Critics, including survivors of Epstein's abuse and Democratic members of the committee, have pointed to several problems with the rollout. They argue that the release included contradictory statements from Bondi about the contents, improperly disclosed names and personal information of victims, and omitted key materials connected to President Trump. Epstein died in a New York jail cell in 2019 while awaiting trial on federal sex-trafficking charges.

During the 2024 campaign, Trump repeatedly vowed to release significant Epstein-related information. Some of his own supporters joined critics in saying the final product fell short of that pledge. Representative Yassamin Ansari, a Democrat on the Oversight Committee, said Bondi could address missing pieces but questioned whether she would choose transparency in the interview.

Bondi has previously defended the department's work, attributing any shortcomings to the tight timeline imposed by Congress for reviewing the large volume of material. The Justice Department has maintained that it followed the law despite the delays and redactions that drew complaints from lawmakers and victims' advocates.

The interview follows earlier tensions on Capitol Hill.

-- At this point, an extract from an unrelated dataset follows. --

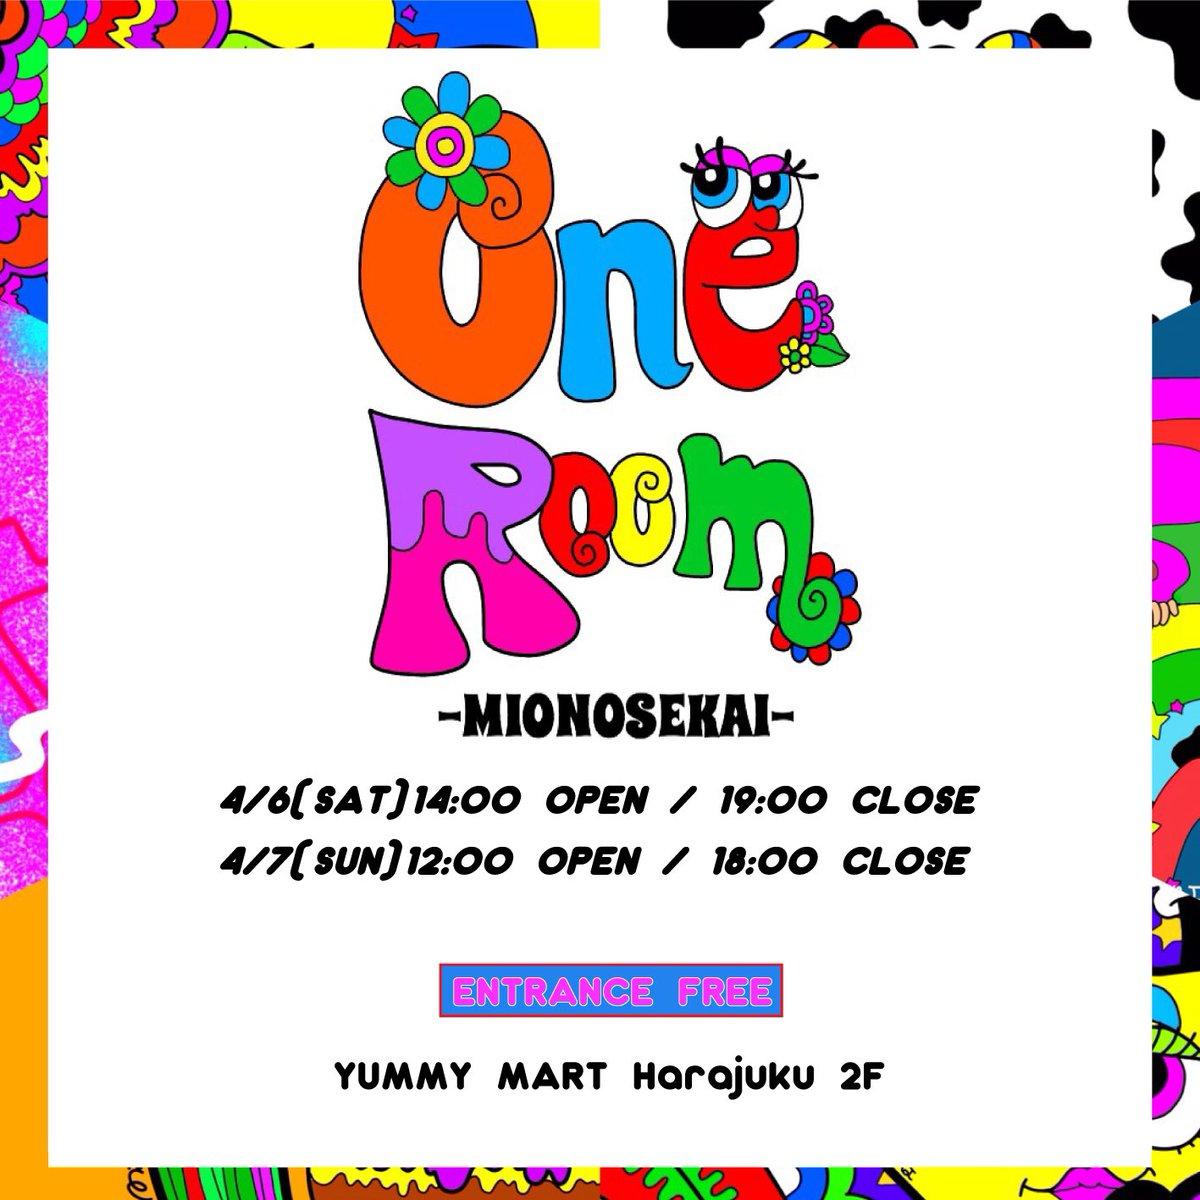 MIOCHIN初個展「MIONOSEKAI -one room-」4月6日・7日開催

Democrats walked out of a March briefing hosted by Bondi and then-Deputy Attorney General Todd Blanche. After Bondi was removed from her post by Trump, the administration initially argued she should not have to testify because she no longer held the position. The committee later secured her appearance after Democrats filed a civil contempt resolution.

The closed-door format means Bondi will not face public questioning, though the transcribed interview is expected to last several hours. Committee members plan to examine not only the document release but also related issues, including the handling of Ghislaine Maxwell's case. Maxwell, Epstein's former girlfriend and confidant, remains imprisoned on sex-trafficking charges.

Survivors have continued to press for accountability over how their information was managed during the release process. The committee's investigation reflects broader concerns about whether the Trump administration fulfilled its commitment to expose the full scope of Epstein's network and the institutions that enabled it.